[[ The data, beginning ]]

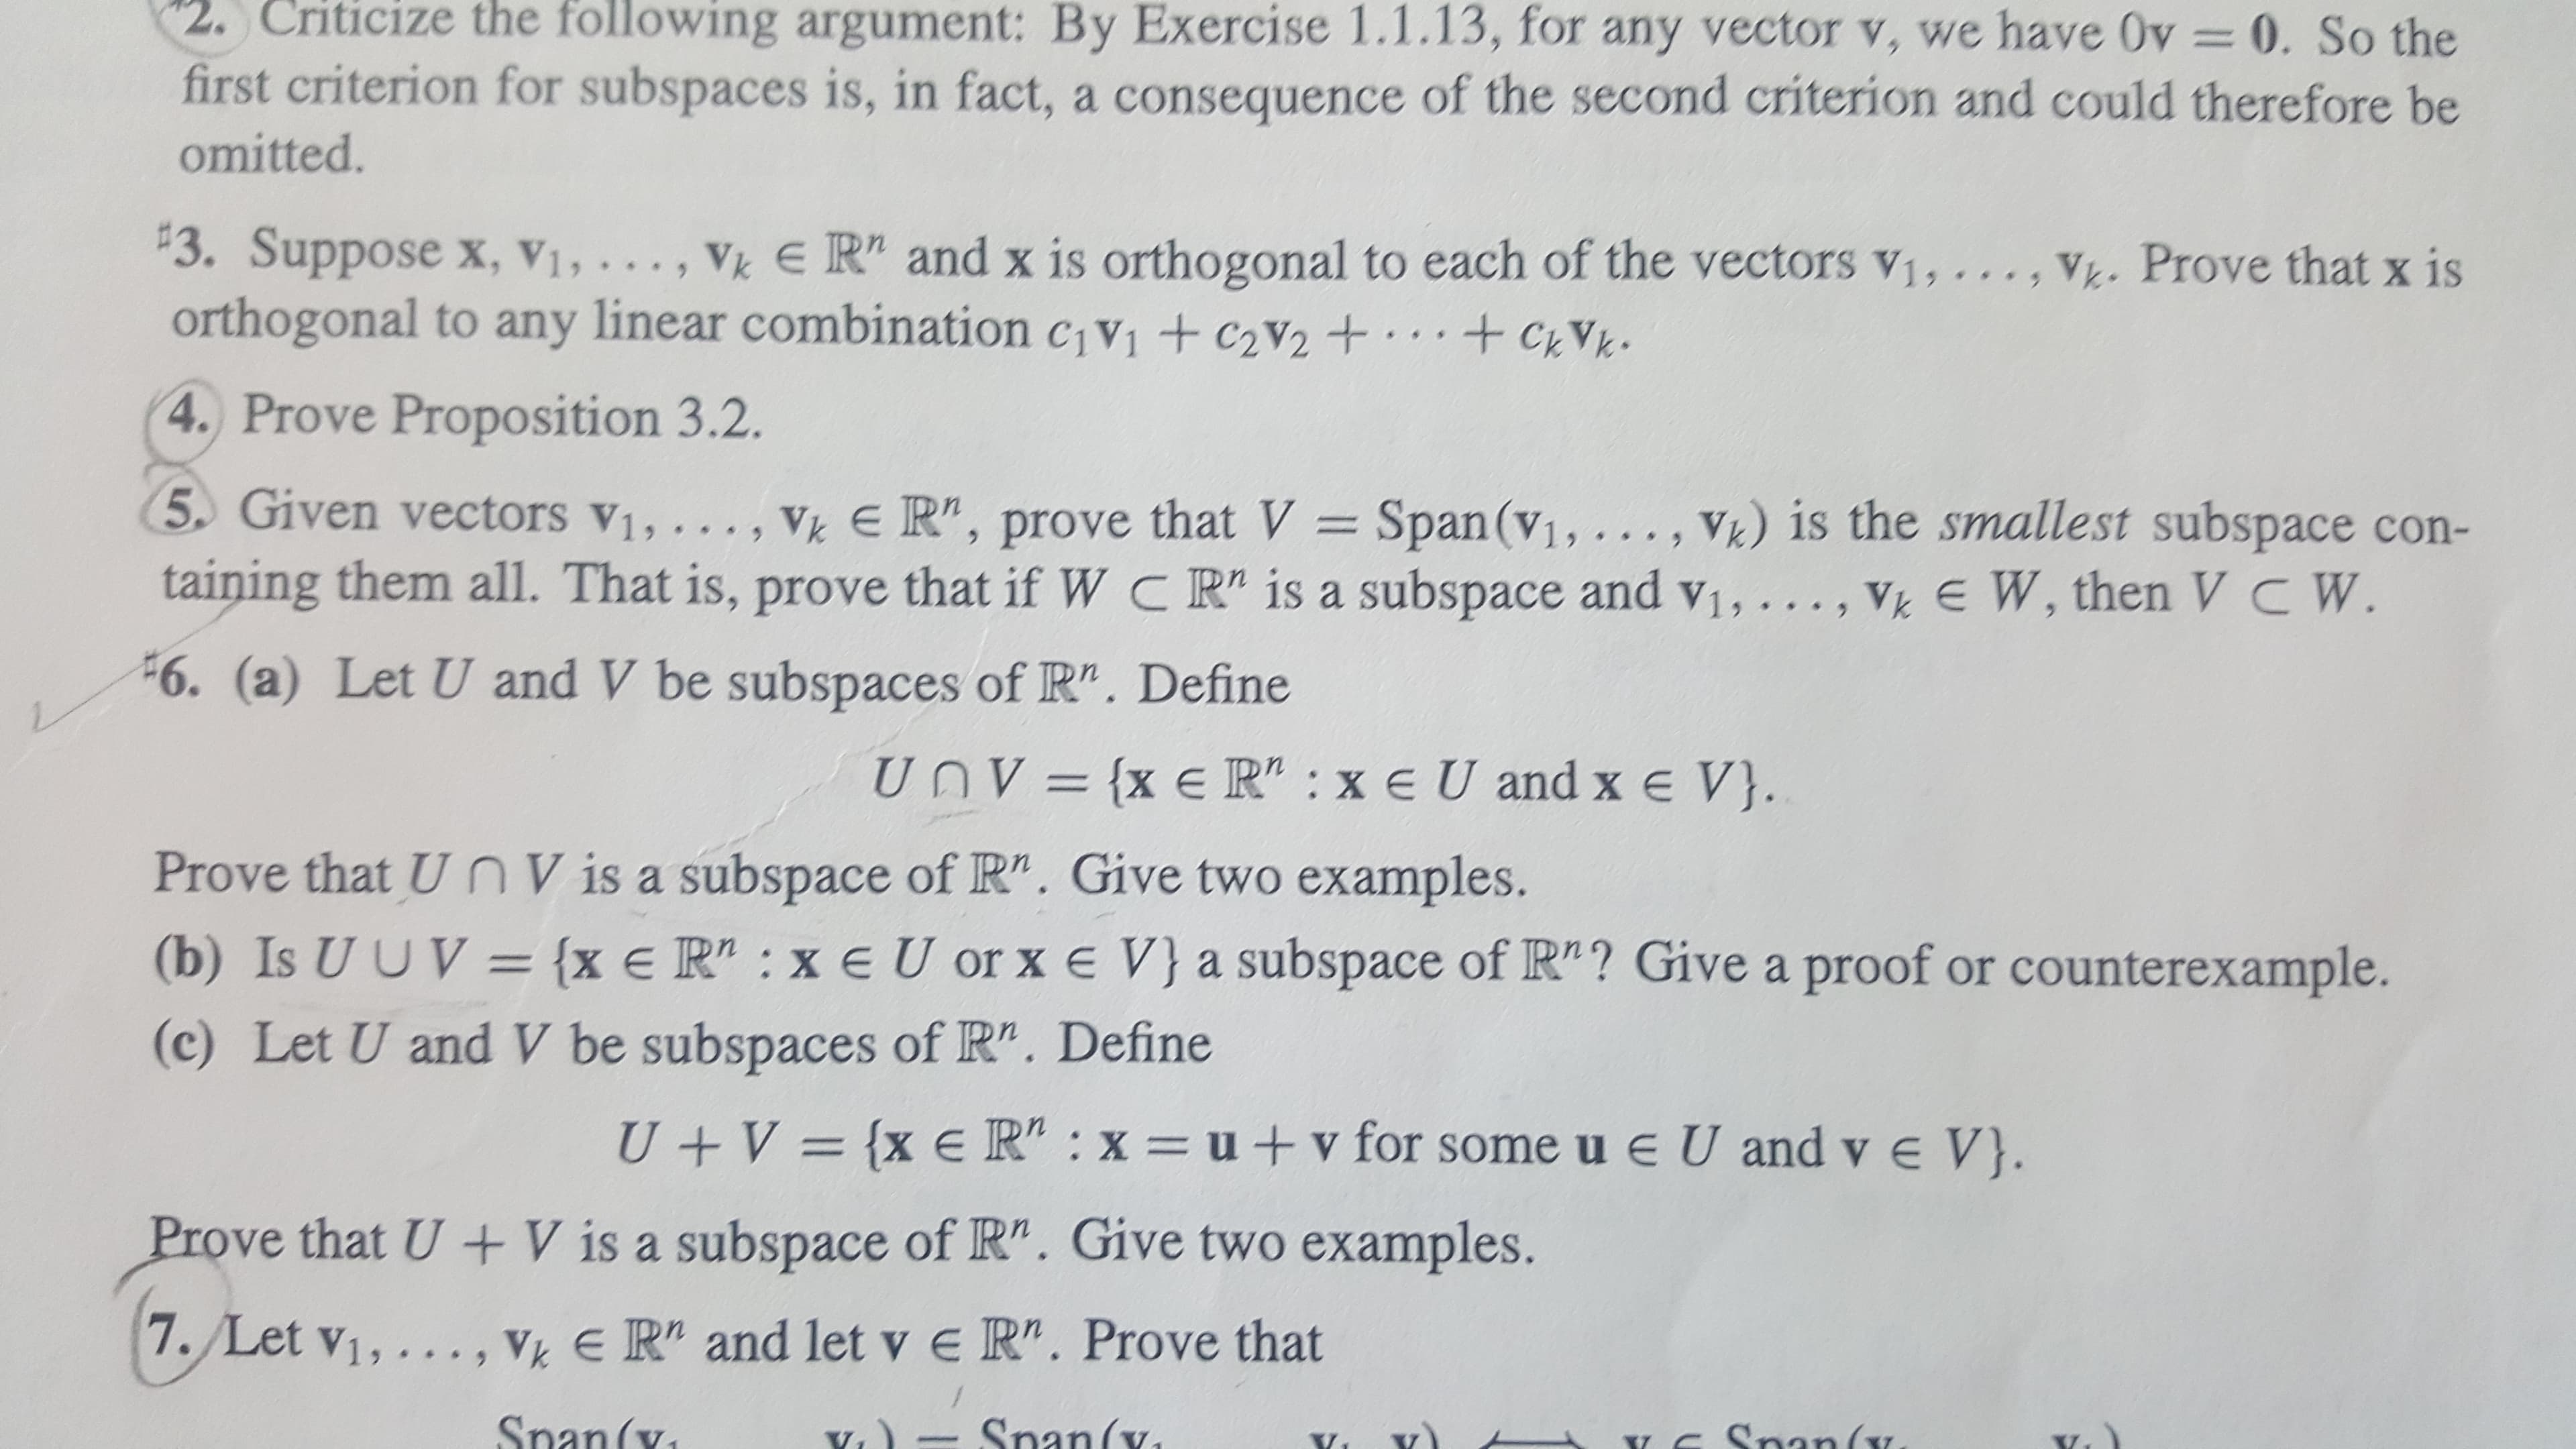 2. Criticize the following argument: By Exercise 1.1.13, for any vector v, we have Ov 0. So the
first criterion for subspaces is, in fact, a consequence of the second criterion and could therefore be
omitted.
3. Suppose x, Vi, . .,
orthogonal to any linear combination civi +C2V2 +.+
Vk E R" and x is orthogonal to each of the vectors v1,..
Vh. Prove that x is
,
CVk
s *
4. Prove Proposition 3.2.
5 Given vectors v1, ..
V) is the smallest subspace con-
Vk E R", prove that V = Span (v1, ..
taining them all. That is, prove that if W C R" is a subspace and vi, ..., Vk E W, then VC W
>
.
6. (a) Let U and V be subspaces of R". Define
UnV={x e R" : xe U and x e V}.
Prove that U nVis a subspace of R". Give two examples.
(b) Is U UV= {x e R" : x eU or x e V}a subspace of R"? Give a proof or counterexample.
(c) Let U and V be subspaces of R". Define
{x eR" : x = u + v for some u e U and v e V}.
U V
Prove that U + V is a subspace of R". Give two examples.
VkER" and let v e R". Prove that
7. Let v1, ... ,
Snan(v
Snan(v
(x
Sna
Y

[[ The data, end ]]

### What you have to do
An answer is complete only when it holds every line above containing the string "orthogonal".

### Task answer
orthogonal to any linear combination civi +C2V2 +.+
Vk E R" and x is orthogonal to each of the vectors v1,..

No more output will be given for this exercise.